In July 2015, American R&B singer Chris Brown chose the duo to open a concert of his in Rishon LeZion, Israel. That same month, the U.S. Ambassador to Israel, Dan Shapiro, invited the duo to perform on the Fourth of July at the official residence of the Ambassador. The duo were a nominee for the 2015 MTV Europe Music Awards Best Israeli Act award.

==Music and lyrics==
The duo's music has been described as "very melodic and fairly soft rap, with clear signs of pop, but ... still a hip-hop band in every way." Their sources of inspiration are Americans Tupac Shakur, Nas, Kendrick Lamar, and LL Cool J, and other Ethiopian-Israeli artists such as the Axum rap ensemble and singer Esther Rada. Though they grew up in a difficult neighborhood, the two say that their music does not speak to the difficulties of growing up in a tough, neglected neighborhood.

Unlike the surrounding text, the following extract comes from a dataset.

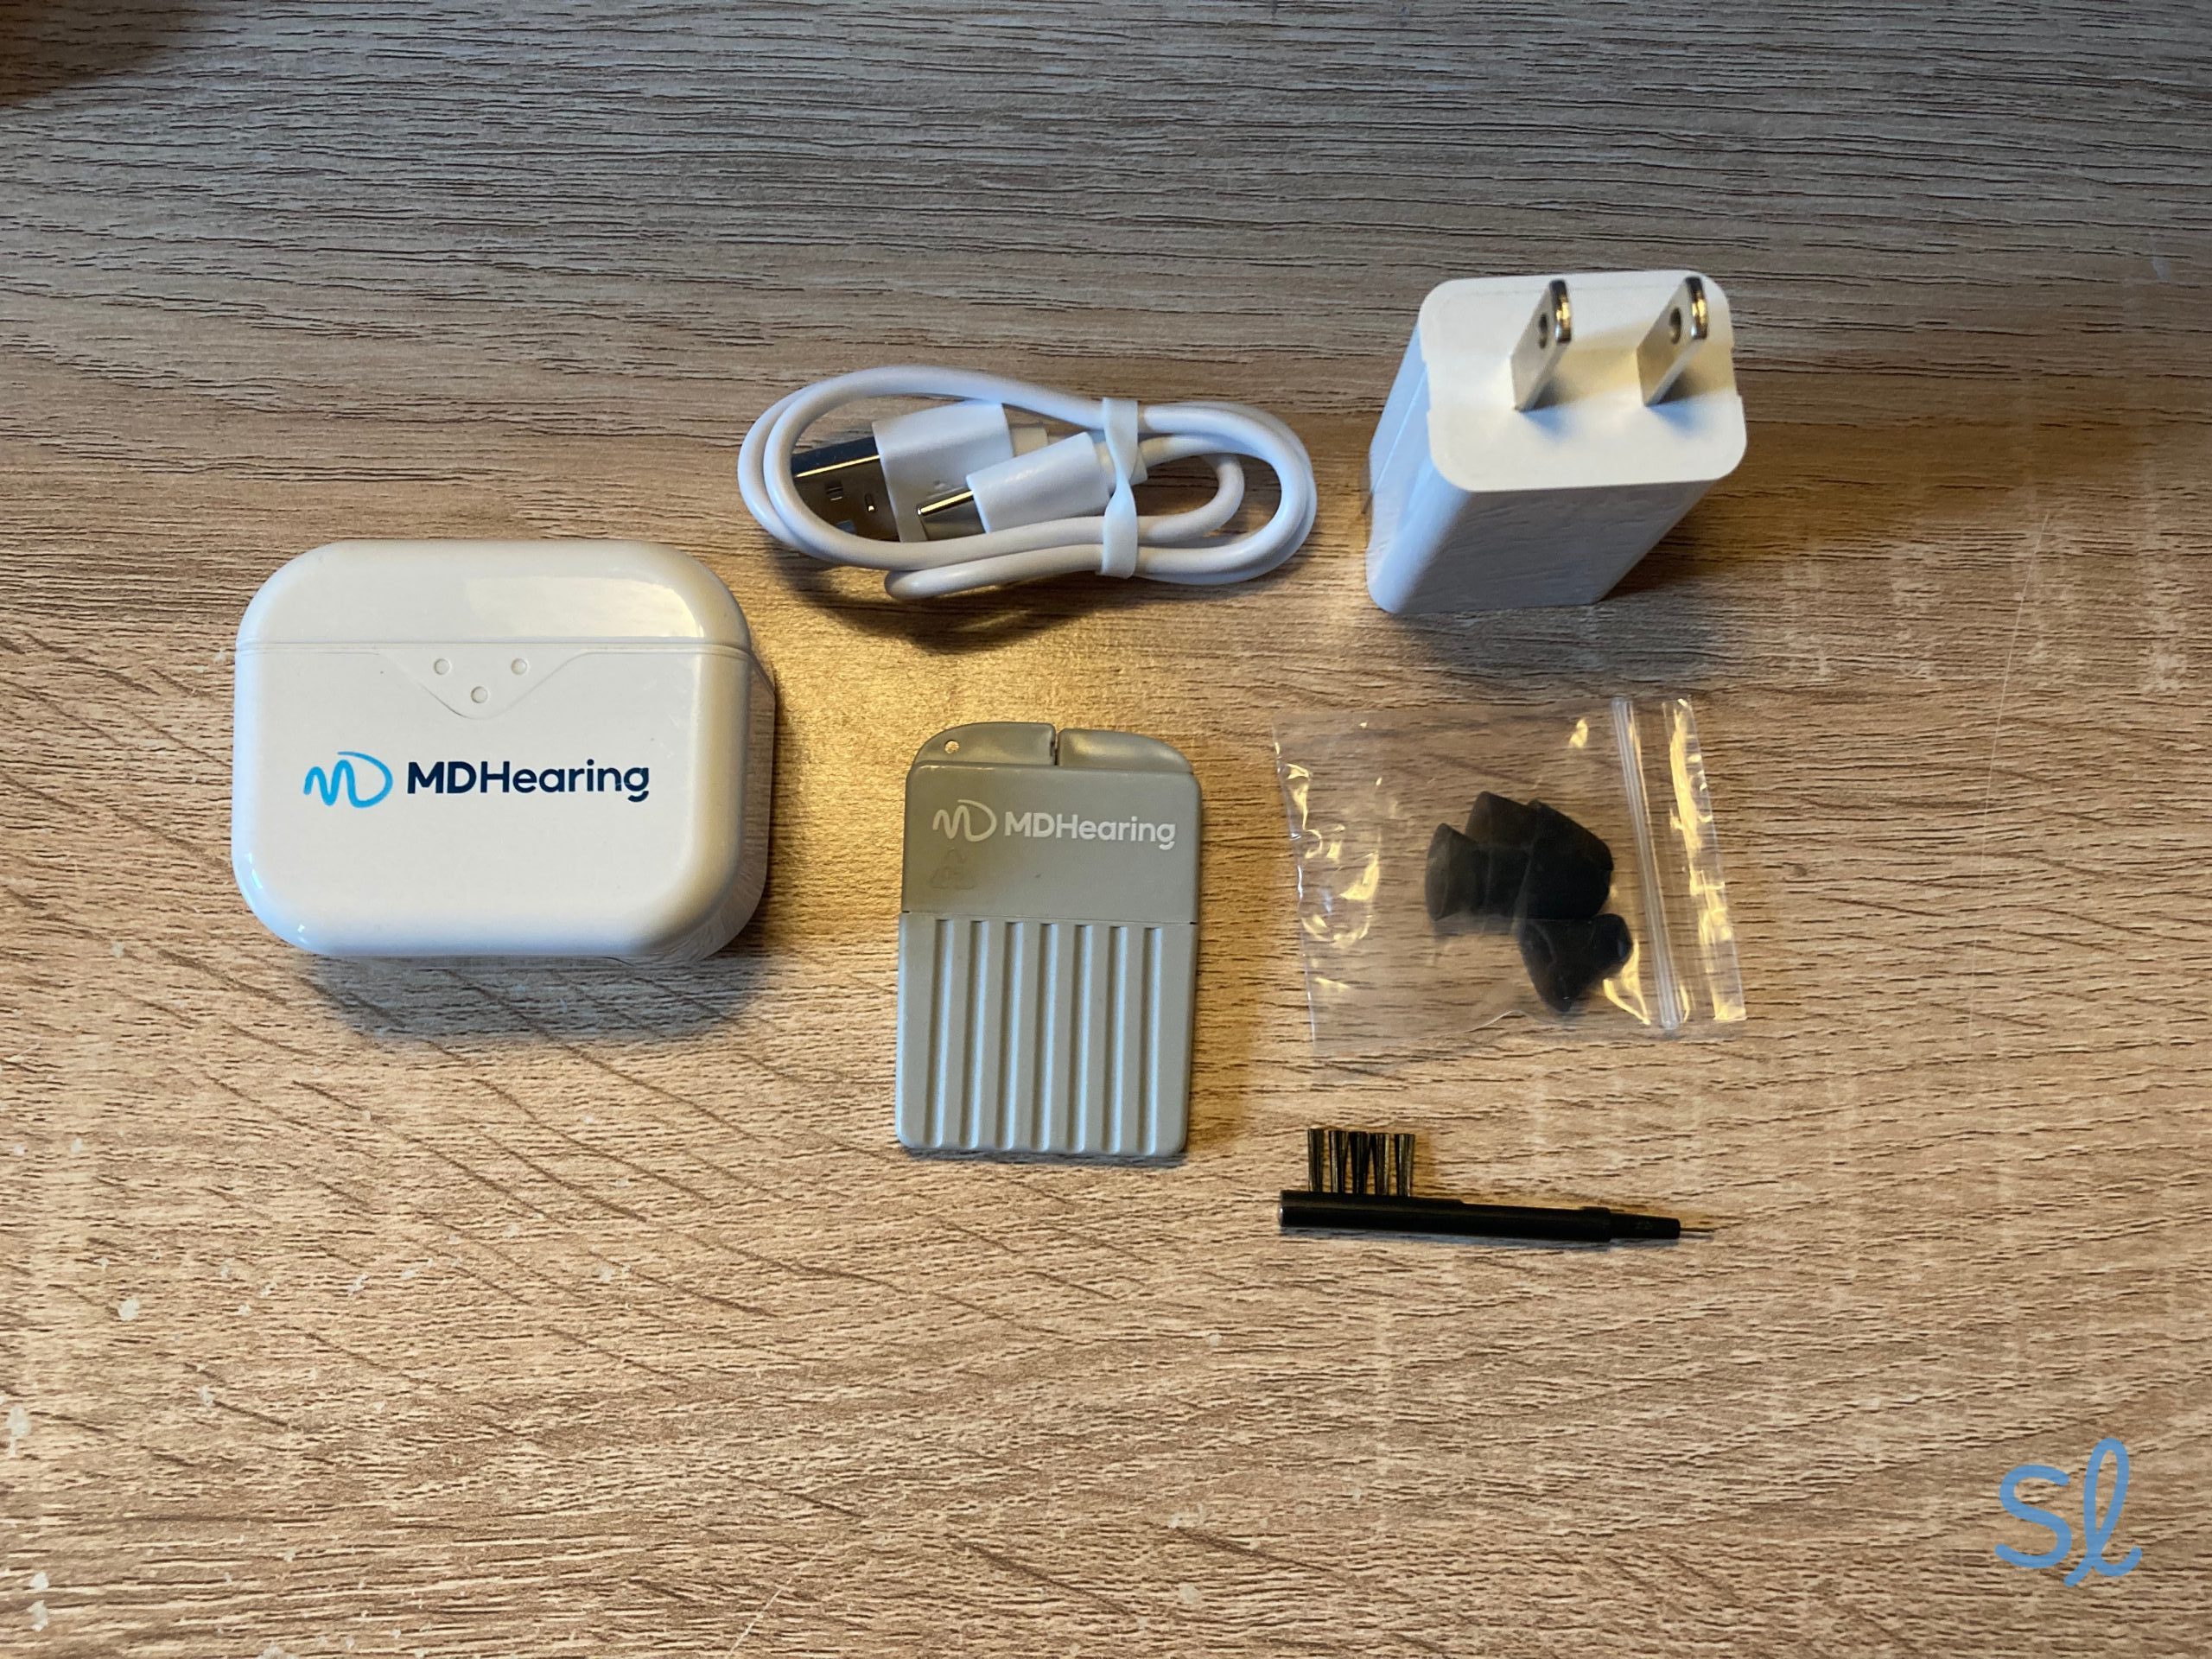 Everything included in my NEO XS package from MDHearing

Elman said: "There always was and always will be racism. The question is whether to sit and cry about it all day long." Sahalu noted: "The first thing that happens when people see Ethiopians singing is that they expect us to say that things are hard for us. But life is beautiful sometimes."

One of the duo's hit songs is "Ihiye Beseder" ("It'll Be Alright"; with a cheerful melody and appealing chorus; lyrics: "I know everything will be okay / Never mind what others say privately / We’ll manage with the help of God"; over 3 million YouTube views by October 2015, 2022 over 24 million). A more recent release of theirs is "Hineh, Zeh Koreh" ("Look, It’s Happening"). "Rak La'alot" ("Just Rise") received 634,000 YouTube views within a few weeks. "Sofshavua" ("Weekend") had 389,000 YouTube views in six months. "The Way You Move" with Israeli rapper Soulja had 545,000 YouTube views in just over three months.